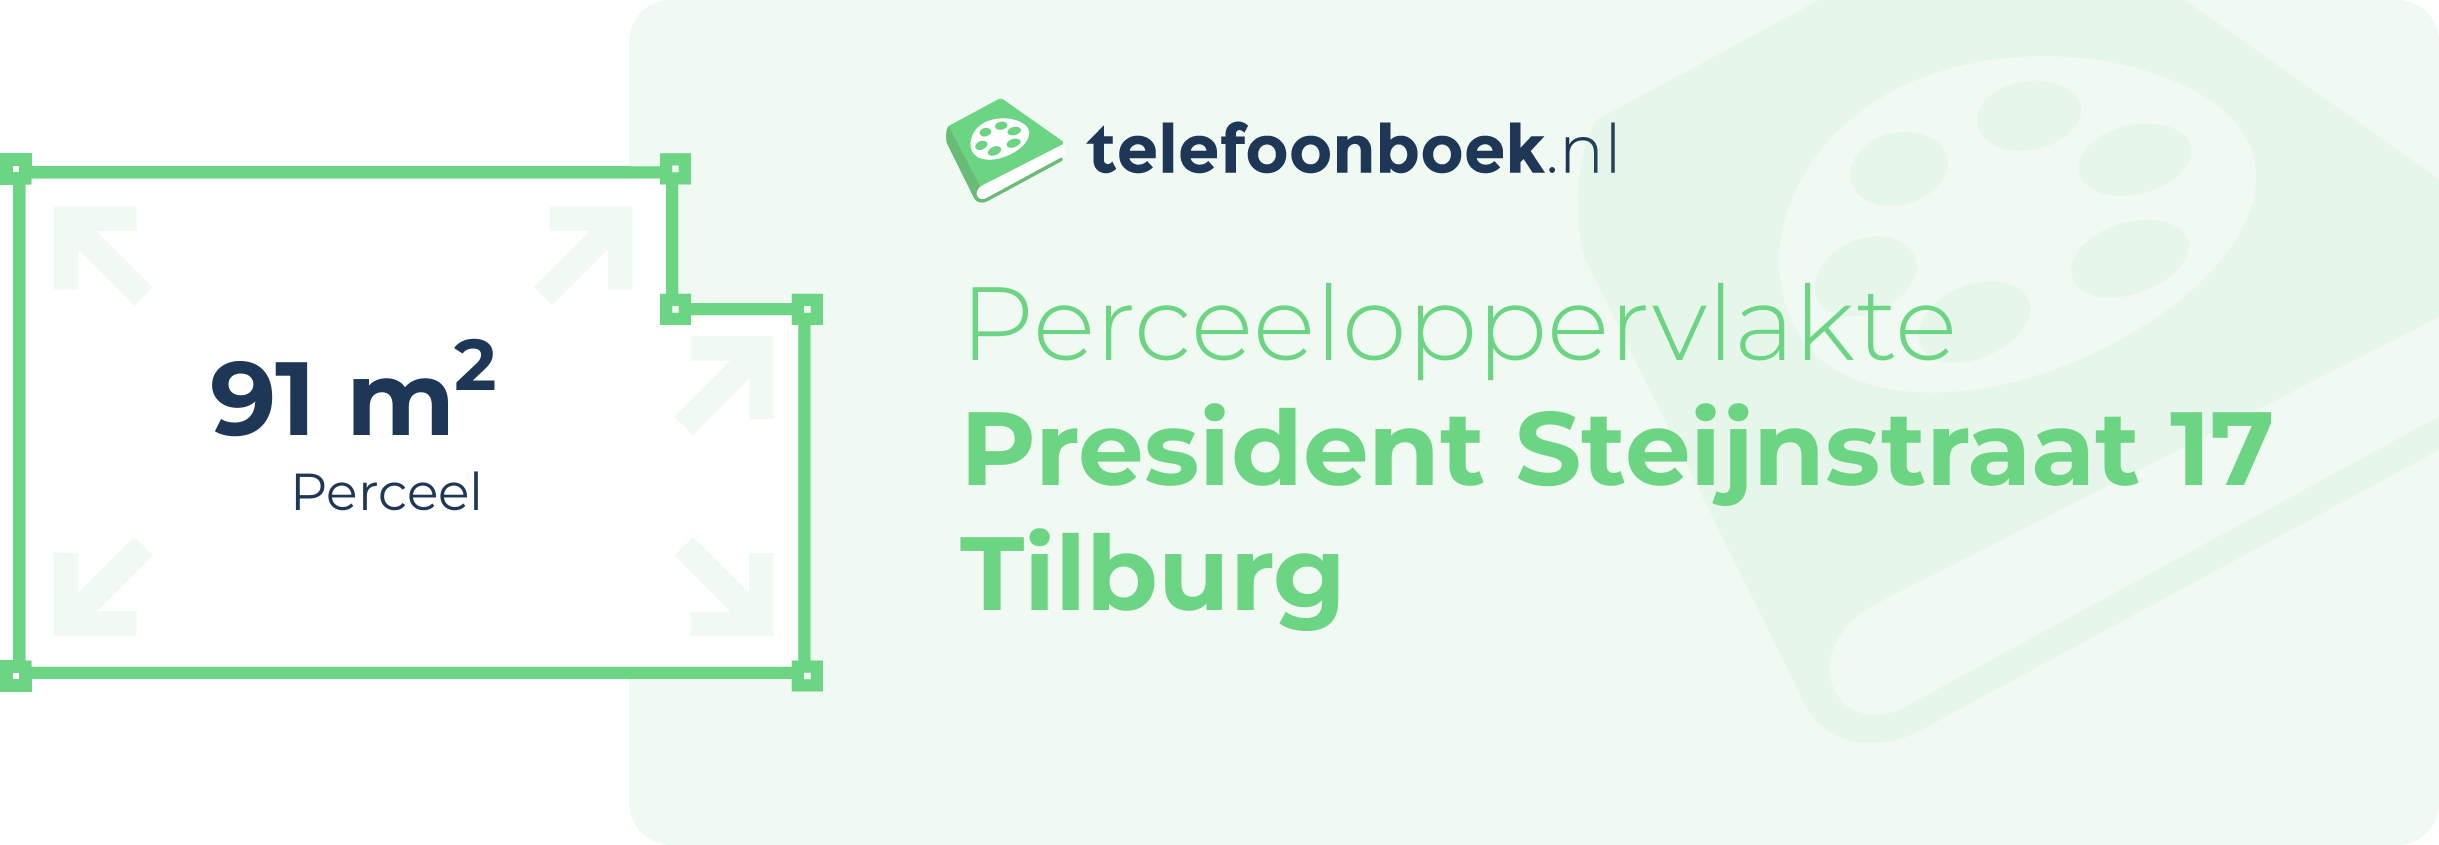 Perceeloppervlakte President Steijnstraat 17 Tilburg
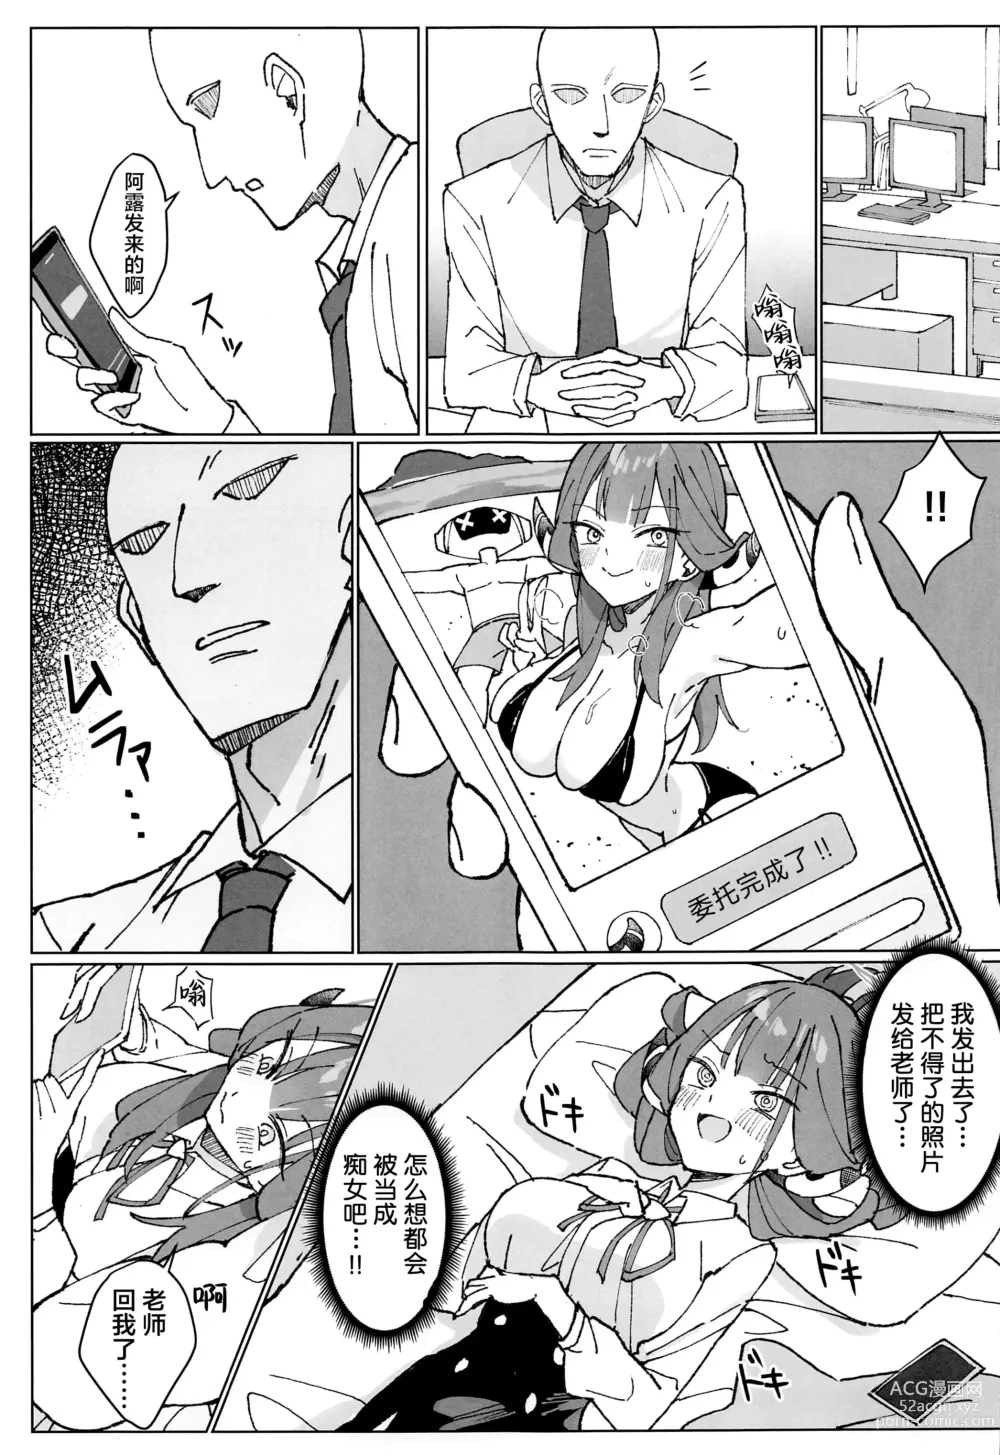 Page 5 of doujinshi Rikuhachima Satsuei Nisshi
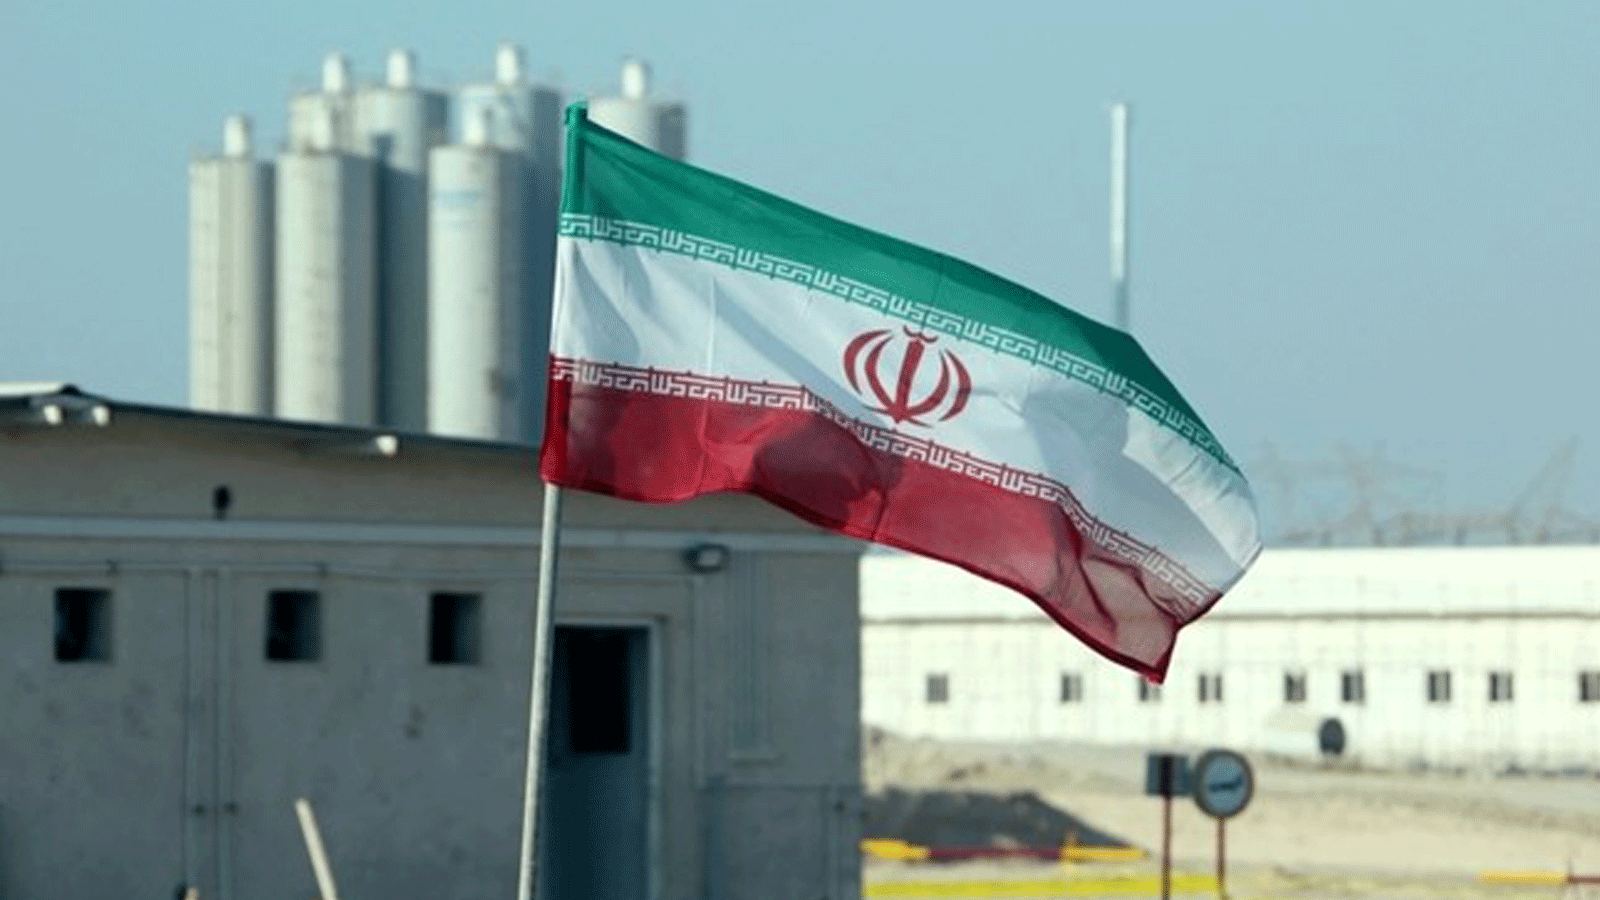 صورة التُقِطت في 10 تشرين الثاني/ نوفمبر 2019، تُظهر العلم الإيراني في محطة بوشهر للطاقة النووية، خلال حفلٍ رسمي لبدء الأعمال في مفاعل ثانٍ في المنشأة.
■ ■ ■ ■ ■ ■ ■
Apart from its pictures, the material above should be repeated exactly.

 Perceeloppervlakte President Steijnstraat 17 Tilburg
 Page 5 of doujinshi Rikuhachima Satsuei Nisshi
 صورة التُقِطت في 10 تشرين الثاني/ نوفمبر 2019، تُظهر العلم الإيراني في محطة بوشهر للطاقة النووية، خلال حفلٍ رسمي لبدء الأعمال في مفاعل ثانٍ في المنشأة.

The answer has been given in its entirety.